### TASK ITEM
Drop every picture. Then return, exactly, the lines from the beginning of the listing below through the one containing "- Start-Up Companies".

····················

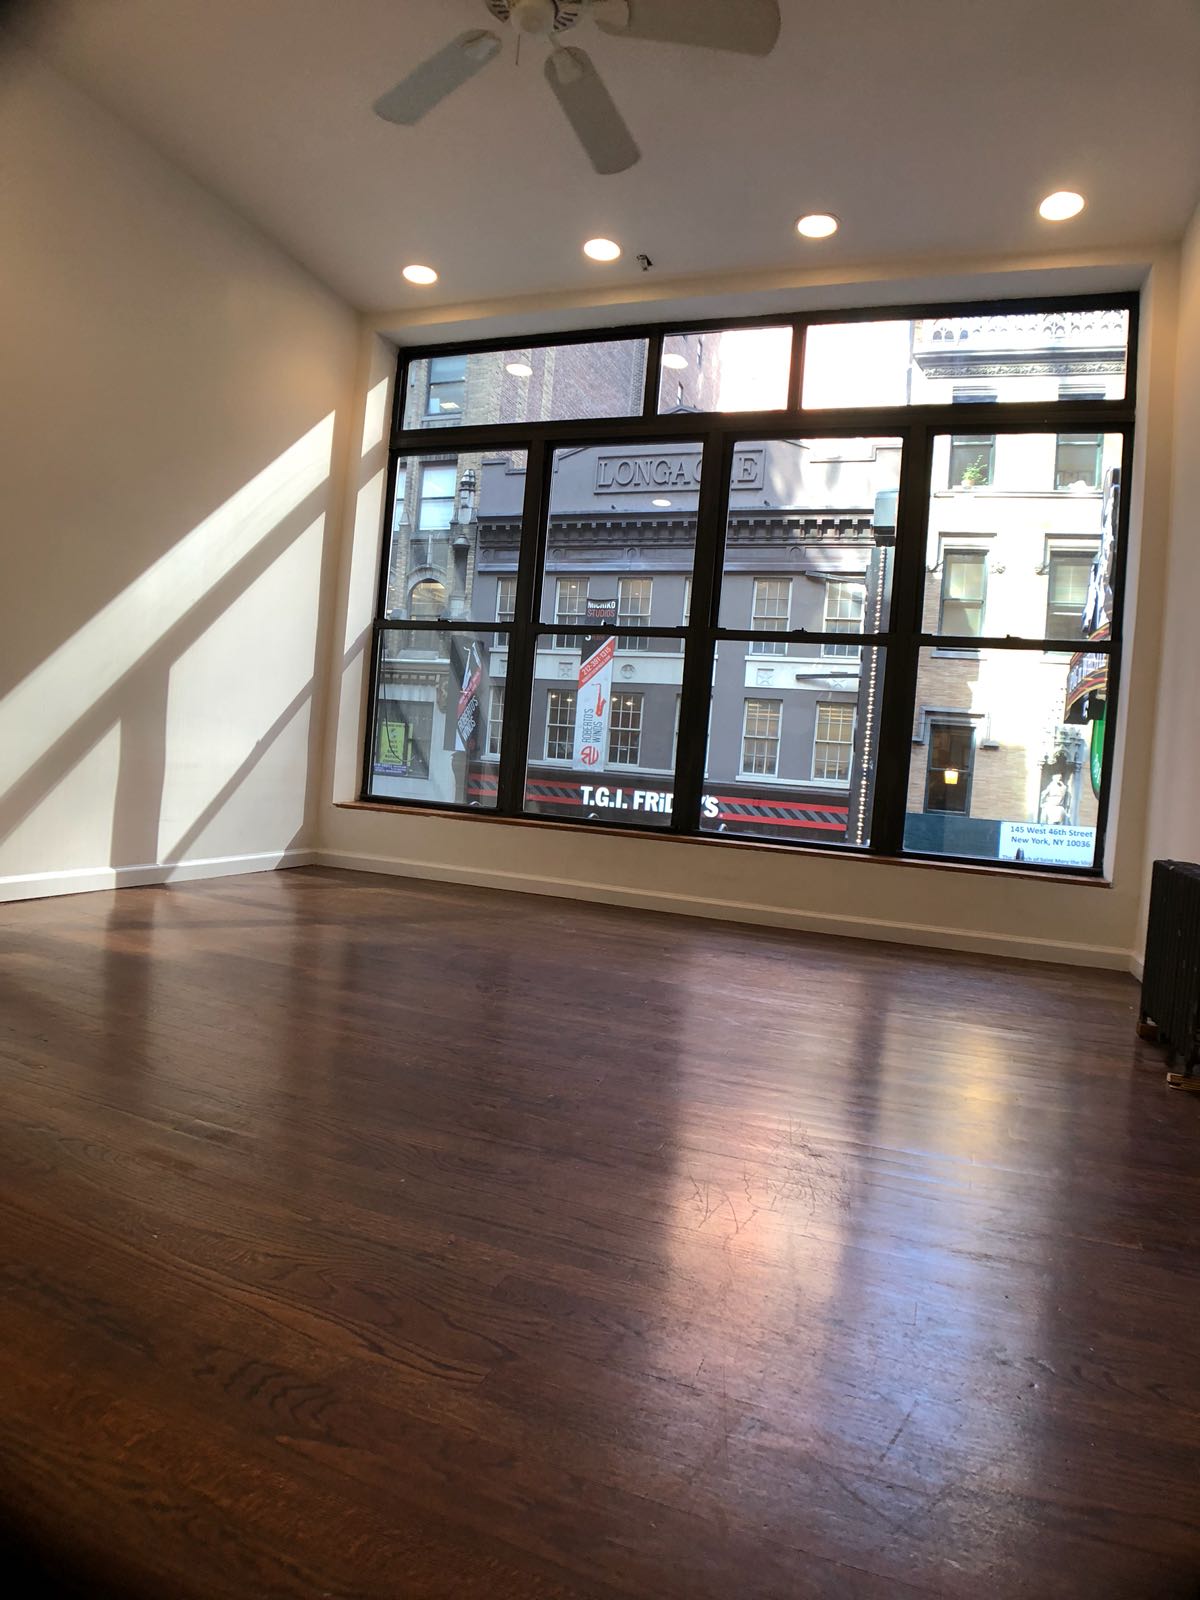 NEWLY BUILT OUT SECOND FLOOR RETAIL SPACE

*NO BROKER FEE* 

RENT: 
$4,200/month 

SIZE: 
600 SF

LOCATION: 
46th Street between 6th & 7th Avenue

COMMENTS:
- Newly Built with Hardwood Floors and White Walls
- Brand New Bathroom
- Full Kitchen in Place

PERFECT FOR:
- Hair Salon
- Nail Salon
- Massage 
- Spa
- Acupuncture 
- General Office Use
- Tech Company
- Start-Up Companies
- Financial Office
- Accounting Firm
- Law Firm

*ALL USES CONSIDERED*

CONTACT: 
Aaron Aziz (516) 355-8018 
Access to all commercial spaces in any of the 5 Boroughs.
Feel free to contact me with your requirements or any questions you may have.
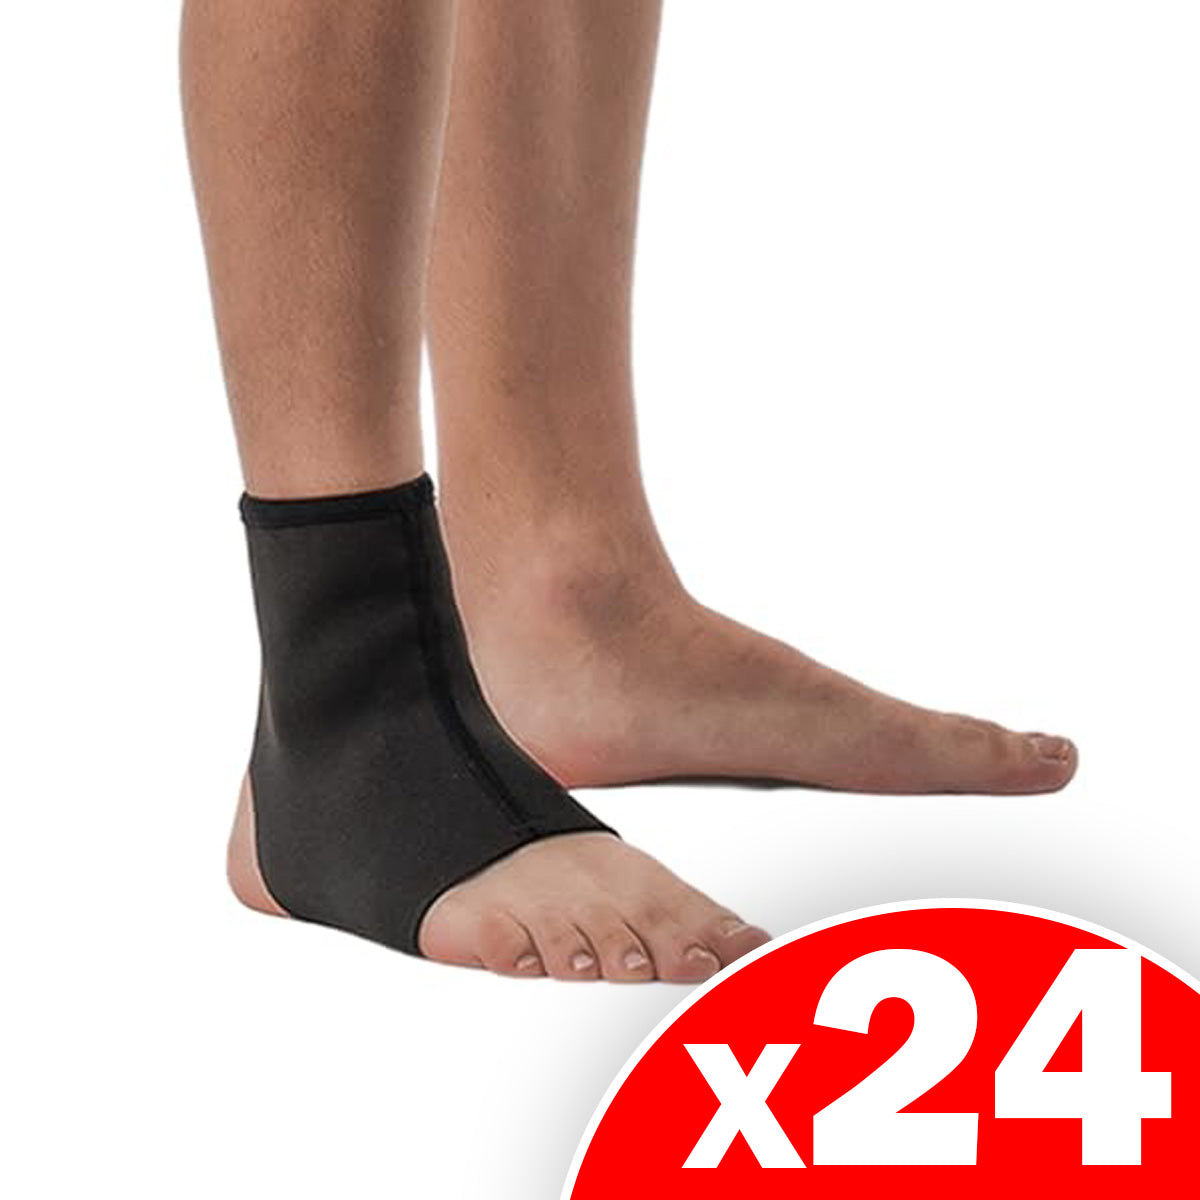 Copper Care Copper Compression Brace For Ankle One Size Fits Most, 24 Pack

····················

### EXERCISE SOLUTION
 NEWLY BUILT OUT SECOND FLOOR RETAIL SPACE

*NO BROKER FEE* 

RENT: 
$4,200/month 

SIZE: 
600 SF

LOCATION: 
46th Street between 6th & 7th Avenue

COMMENTS:
- Newly Built with Hardwood Floors and White Walls
- Brand New Bathroom
- Full Kitchen in Place

PERFECT FOR:
- Hair Salon
- Nail Salon
- Massage 
- Spa
- Acupuncture 
- General Office Use
- Tech Company
- Start-Up Companies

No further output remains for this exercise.